> TASK REQUIREMENTS: Copy all data exactly. Skip pictures.

> DATA SHOWN:
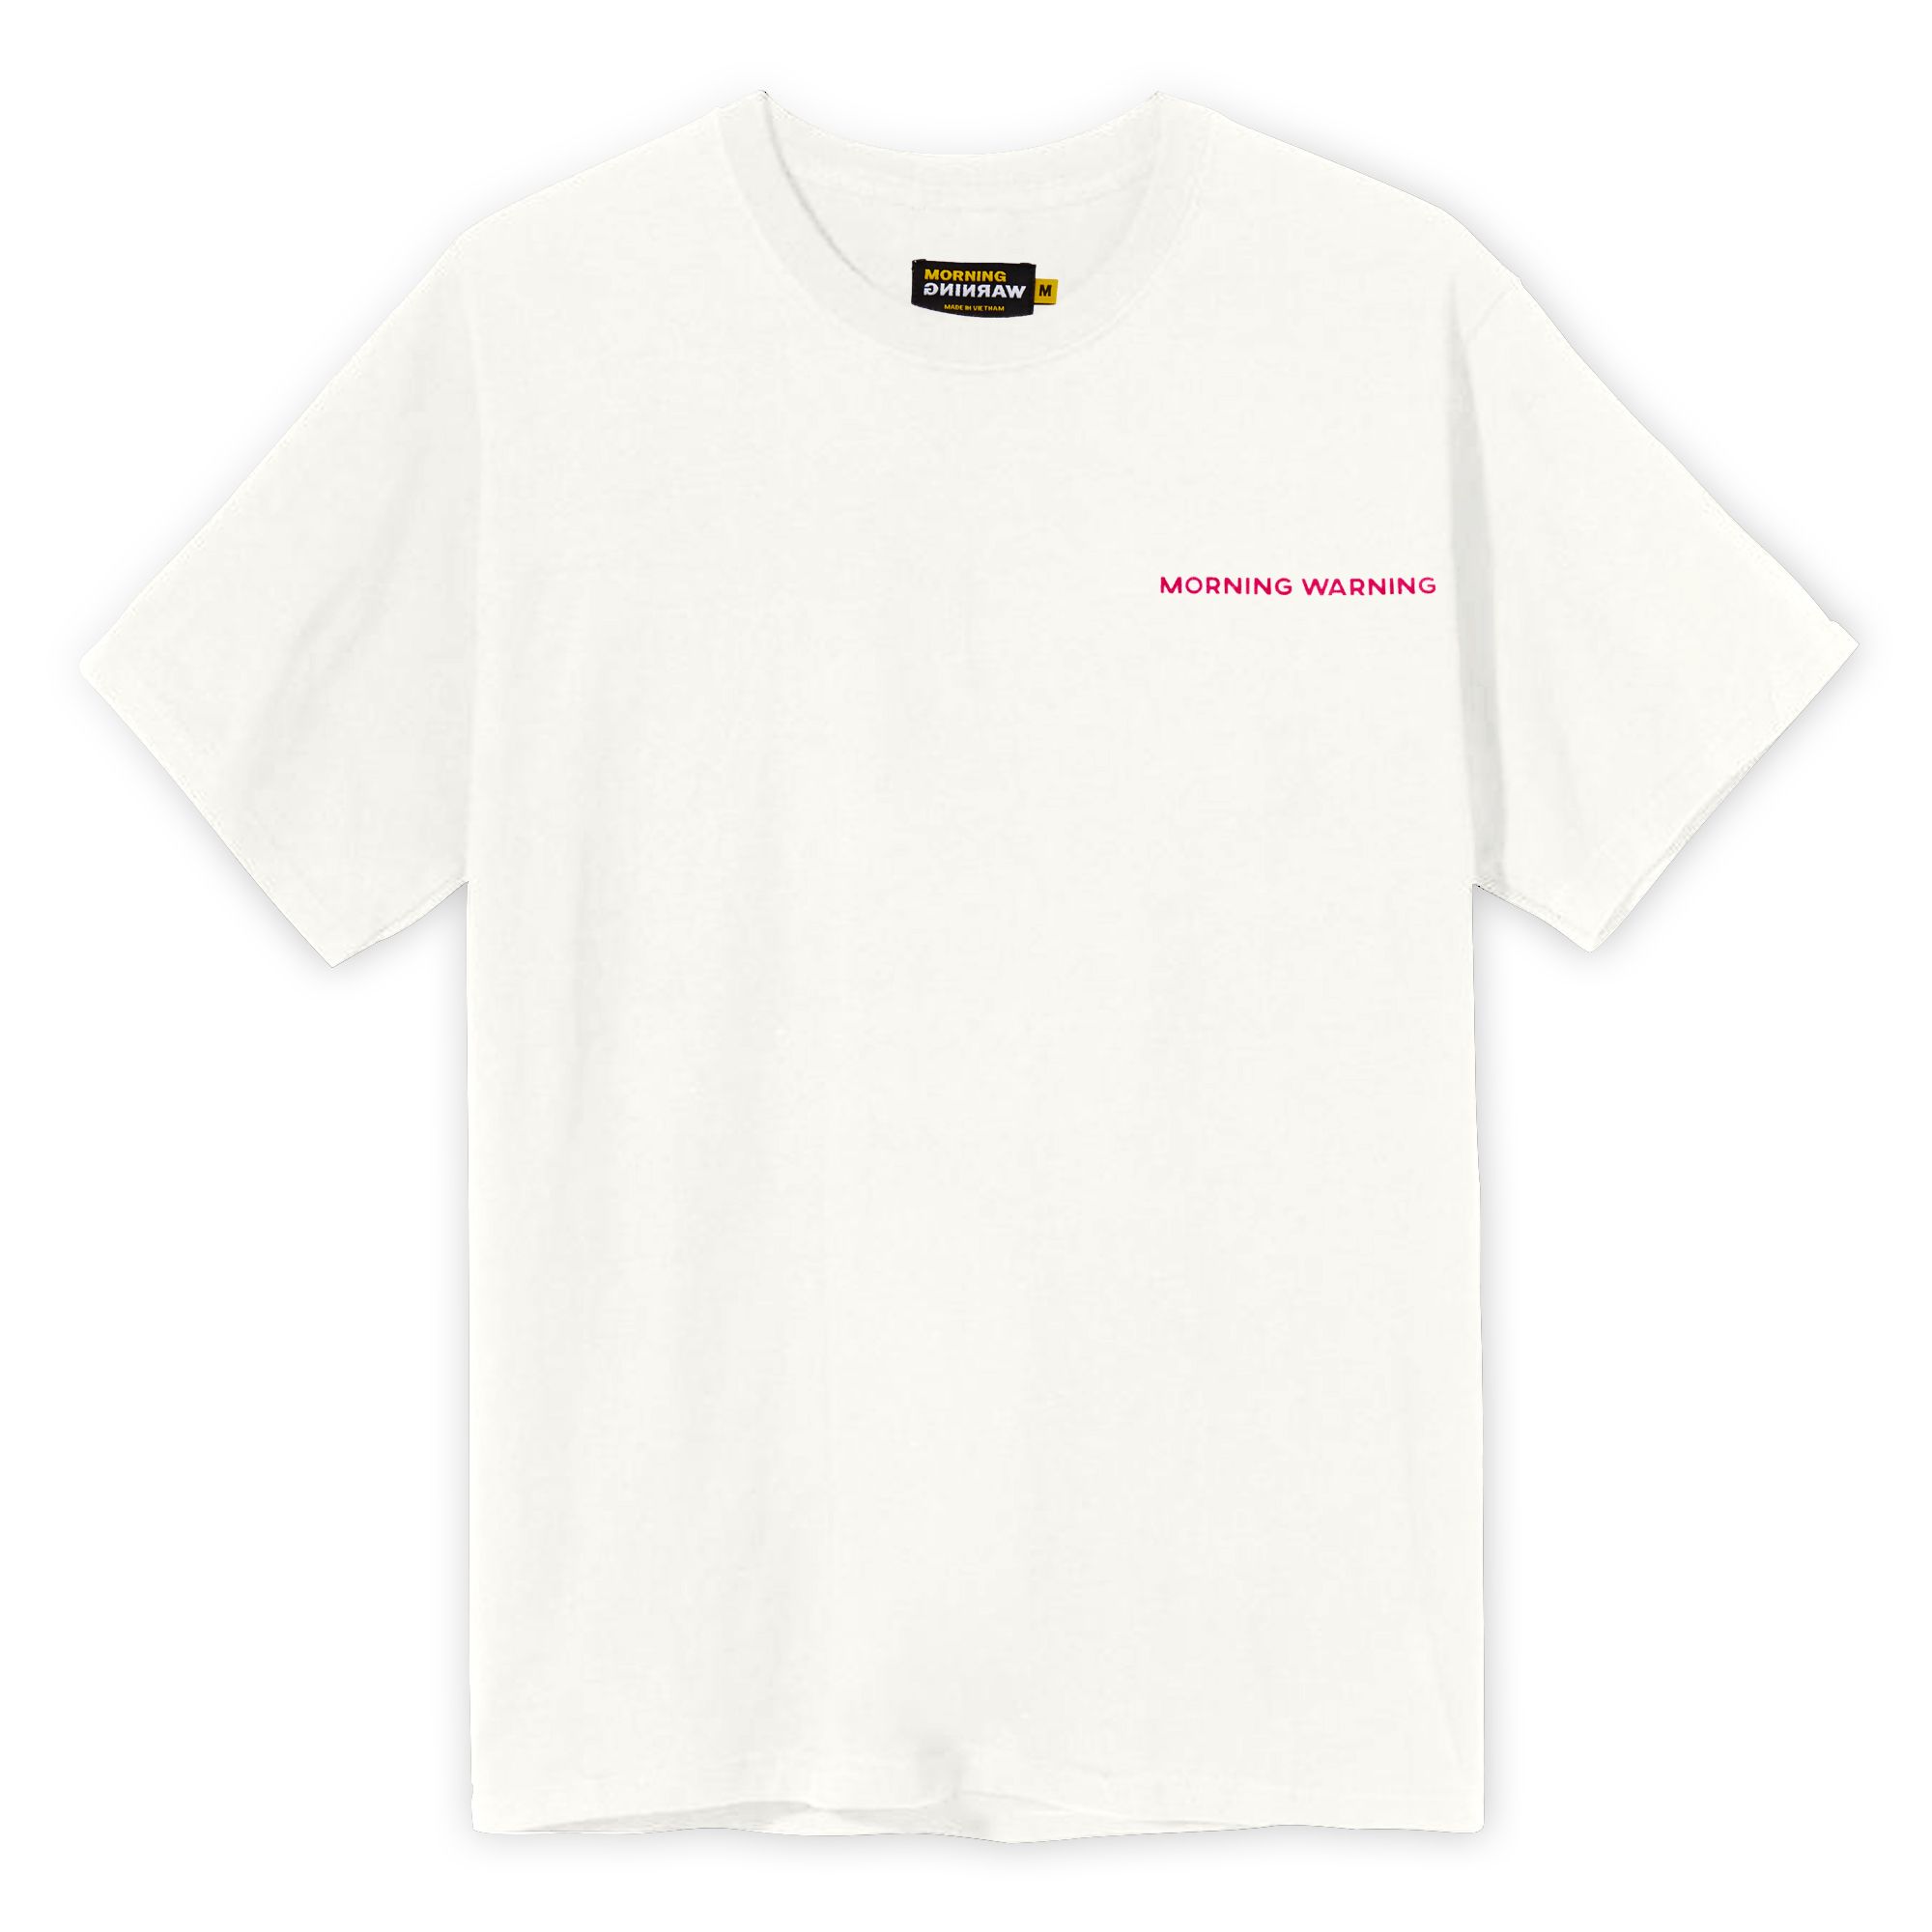  Most Wanted Kids Tee - White 
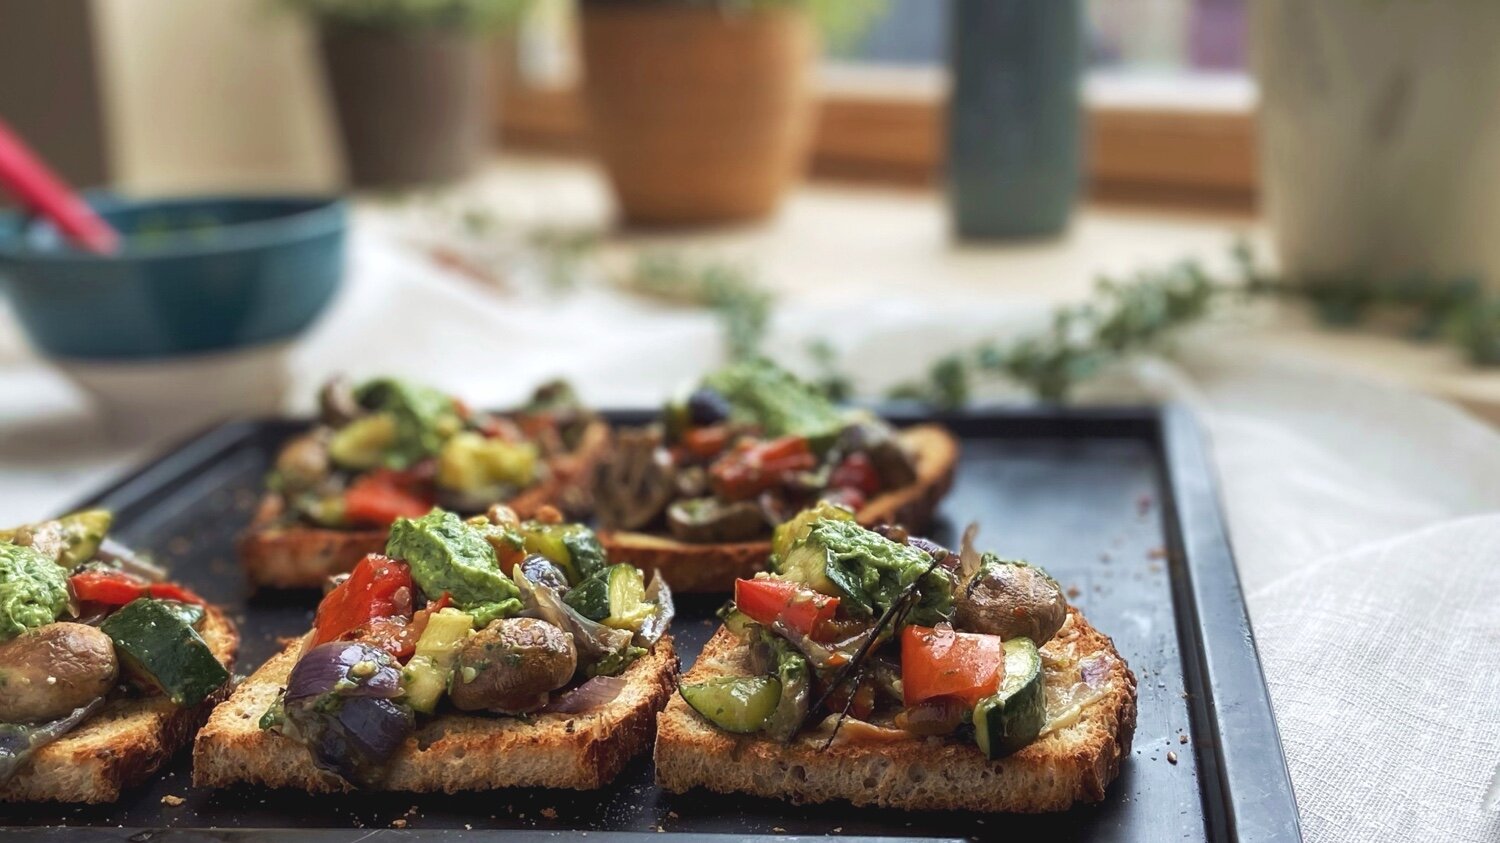 Easy Vegan Recipes for Busy Weekdays: Roasted Vegetable and Vegan Pesto Bruschetta | Brownble
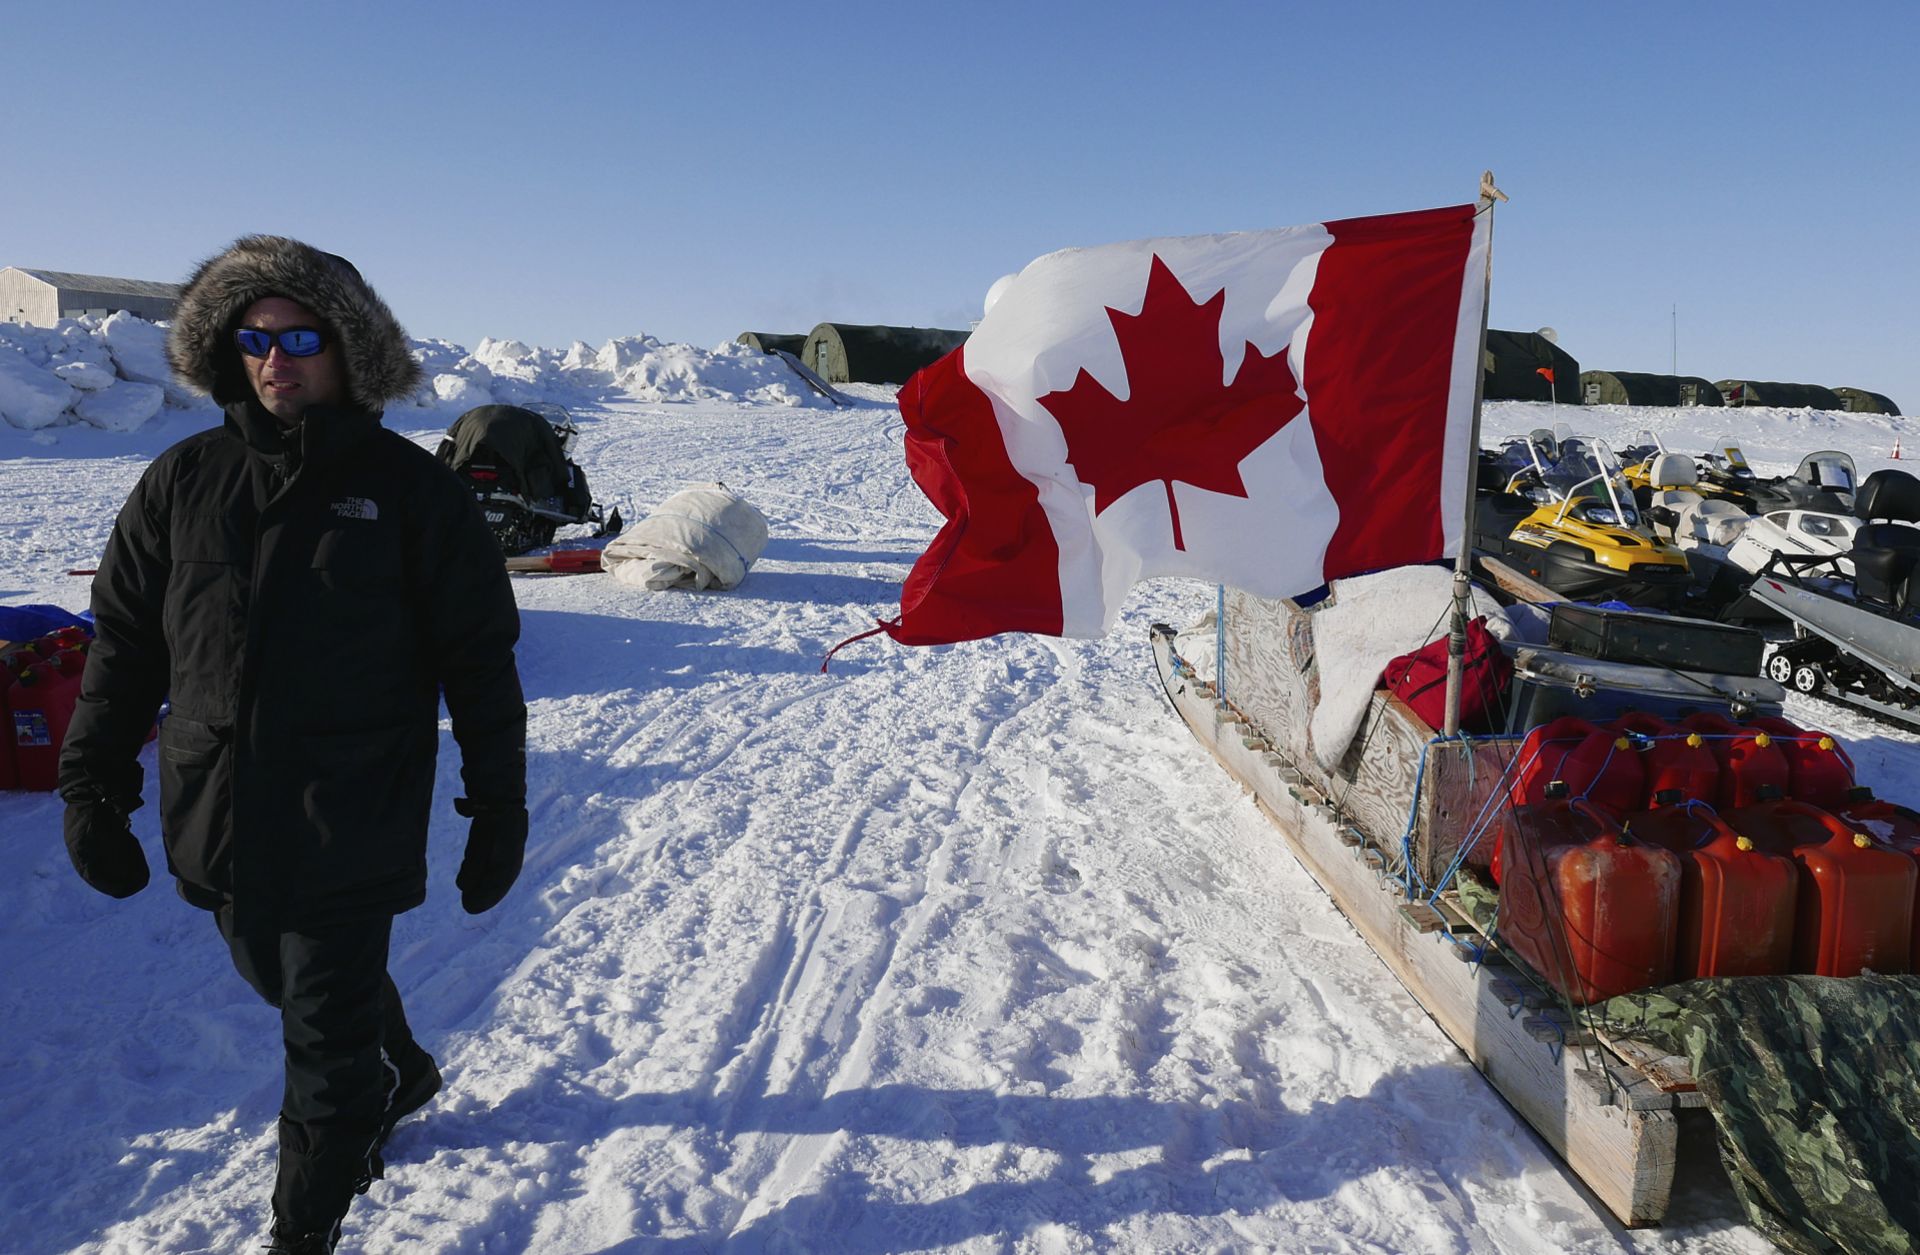 A project manager for the Arctic Research Foundation on April 9, 2015, walks past snowmobiles used by Canadian troops deployed to the territory of Nunavut to demonstrate Canadian sovereignty in the Arctic.
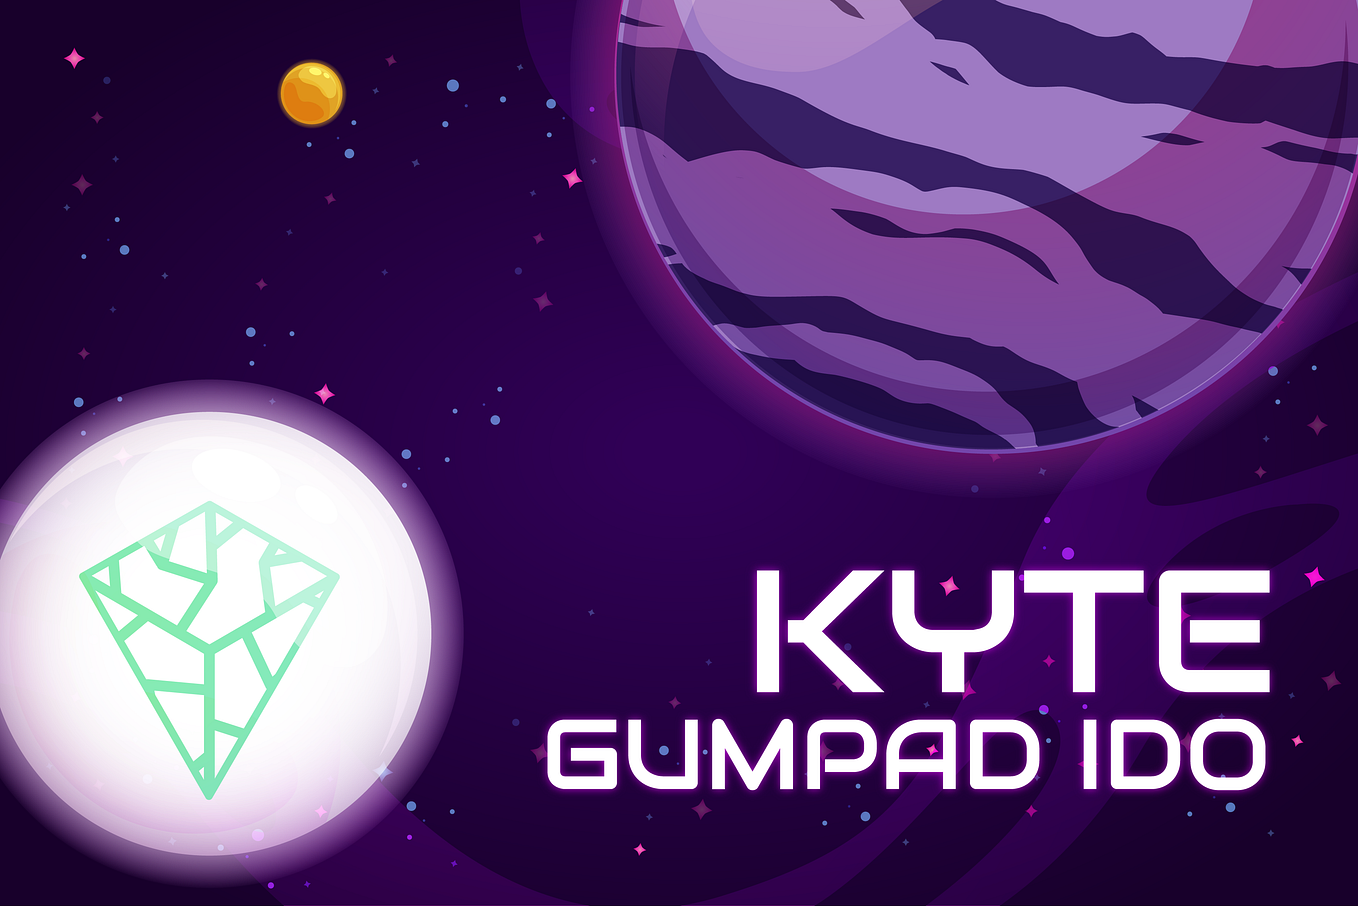 The next projects launchpad: KYTE

> EXERCISE SOLUTION:
  Most Wanted Kids Tee - White 
 Easy Vegan Recipes for Busy Weekdays: Roasted Vegetable and Vegan Pesto Bruschetta | Brownble
 A project manager for the Arctic Research Foundation on April 9, 2015, walks past snowmobiles used by Canadian troops deployed to the territory of Nunavut to demonstrate Canadian sovereignty in the Arctic.
 The next projects launchpad: KYTE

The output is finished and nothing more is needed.